1. Scalars (Automatically Logged Every Epoch)

Training Metrics:

train/loss - Training loss
train/dice - Training Dice coefficient
train/iou - Training IoU score

Validation Metrics:

val/loss - Validation loss
val/dice - Validation Dice coefficient
val/iou - Validation IoU score

Learning Rate:

learning_rate - Current learning rate (tracks scheduler)

Comparison Plots:

comparison/dice - Train vs Val Dice on same plot
comparison/iou - Train vs Val IoU on same plot

2. Images (Optional, Enabled with `log_images: true`)

When log_images: true in config:

Frequency: Configurable via image_log_frequency (default: 5 epochs), or when best model is saved
Content: Side-by-side comparison of:
- Input image (denormalized)
- Ground truth mask
- Predicted mask
Location: val/predictions tab
Samples: Up to 4 validation samples per log

Example: To log images every epoch:

logging:
  tensorboard: true
  log_images: true
  image_log_frequency: 1  # Log every epoch

3. Layer Activations (Optional, Enabled with `log_activations: true`)

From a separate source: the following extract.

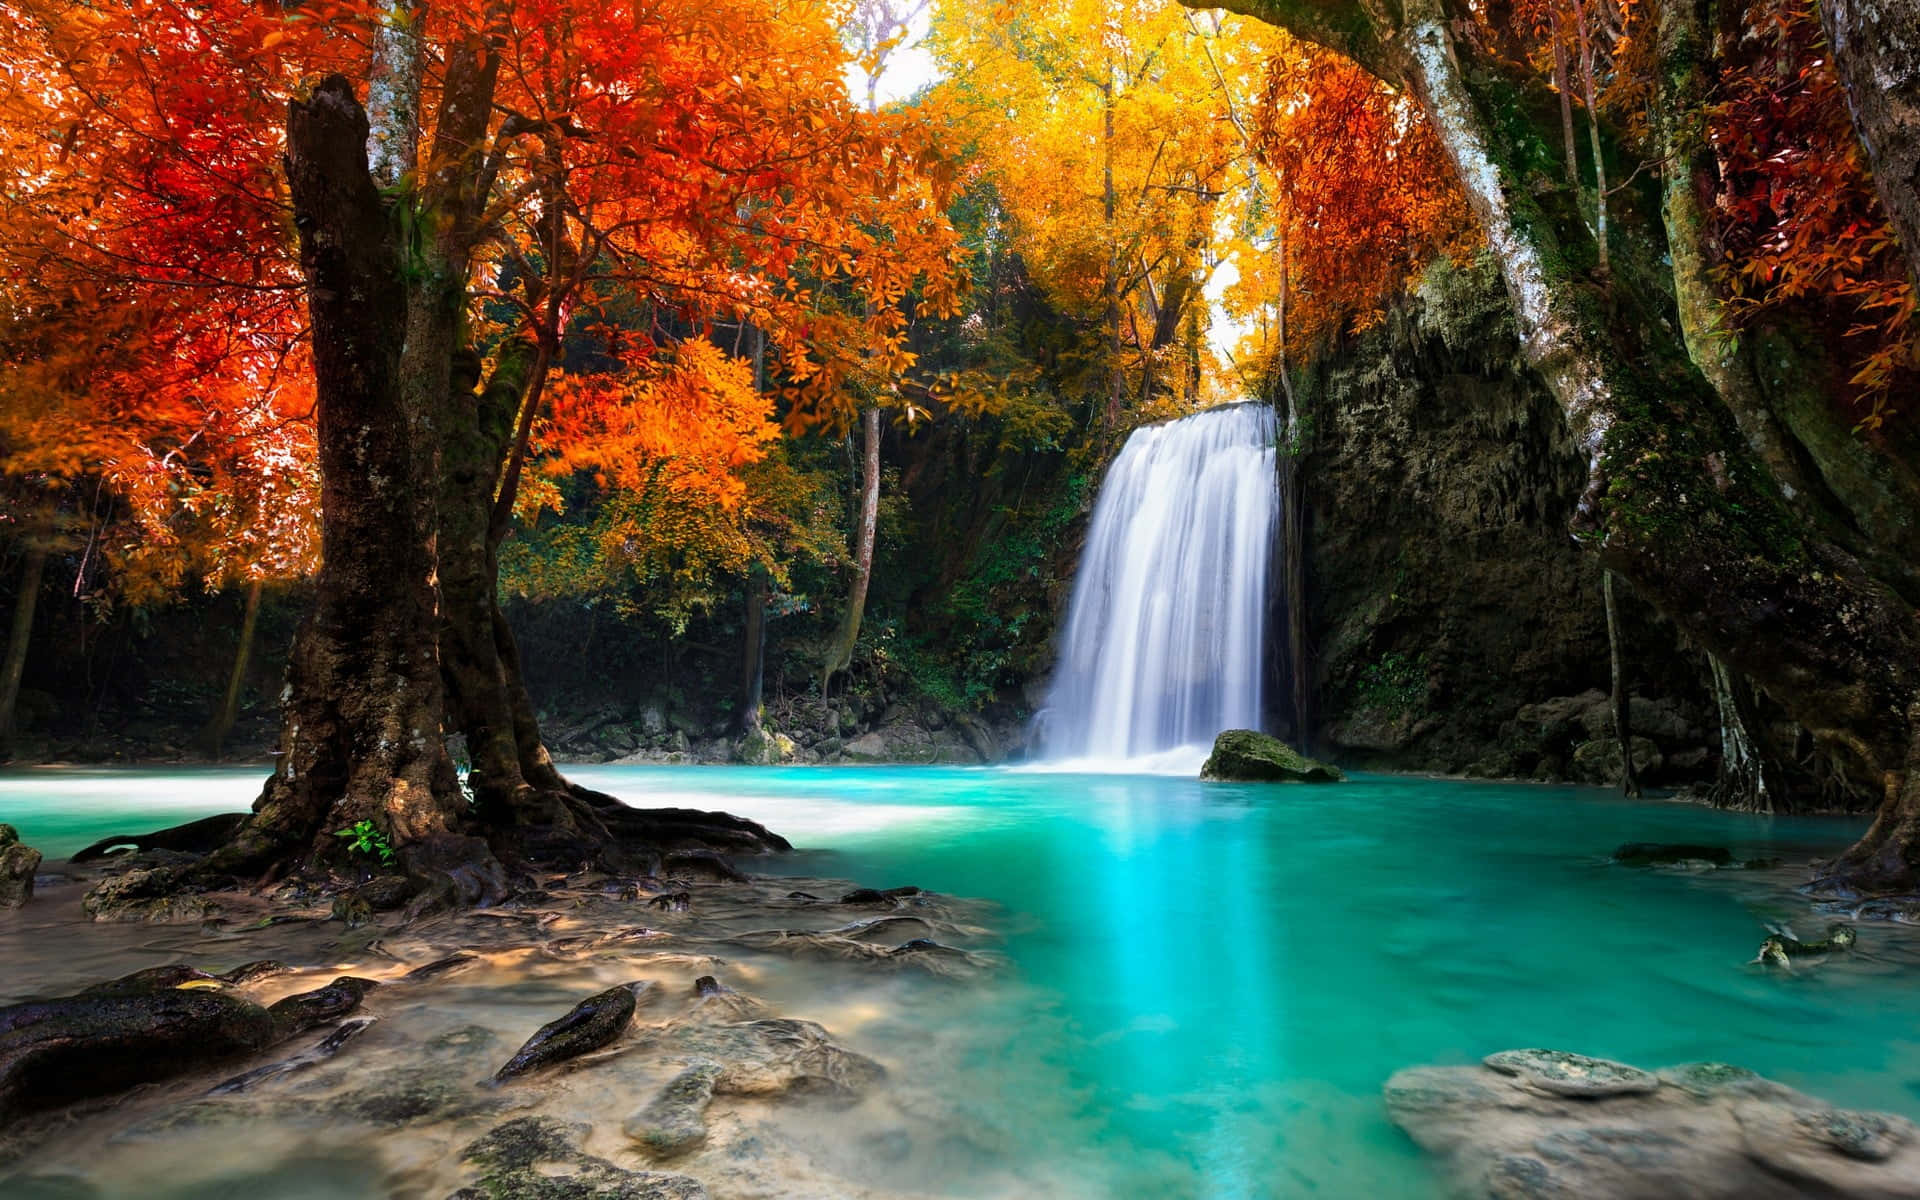 An enchanted cascading waterfall hidden in a lush green forest

Monitor neural network layer activations:

Frequency: Configurable via activation_log_frequency (default: 5 epochs)
Content: For each monitored layer:
- Histogram of activation values
- Statistics (mean, std, min, max)
Location: Histograms tab (distributions), Scalars tab (statistics)
Layer Selection:
- "auto": Model-specific defaults (recommended)
- Custom list: Specify exact layers
- null: Monitor all layers (not recommended)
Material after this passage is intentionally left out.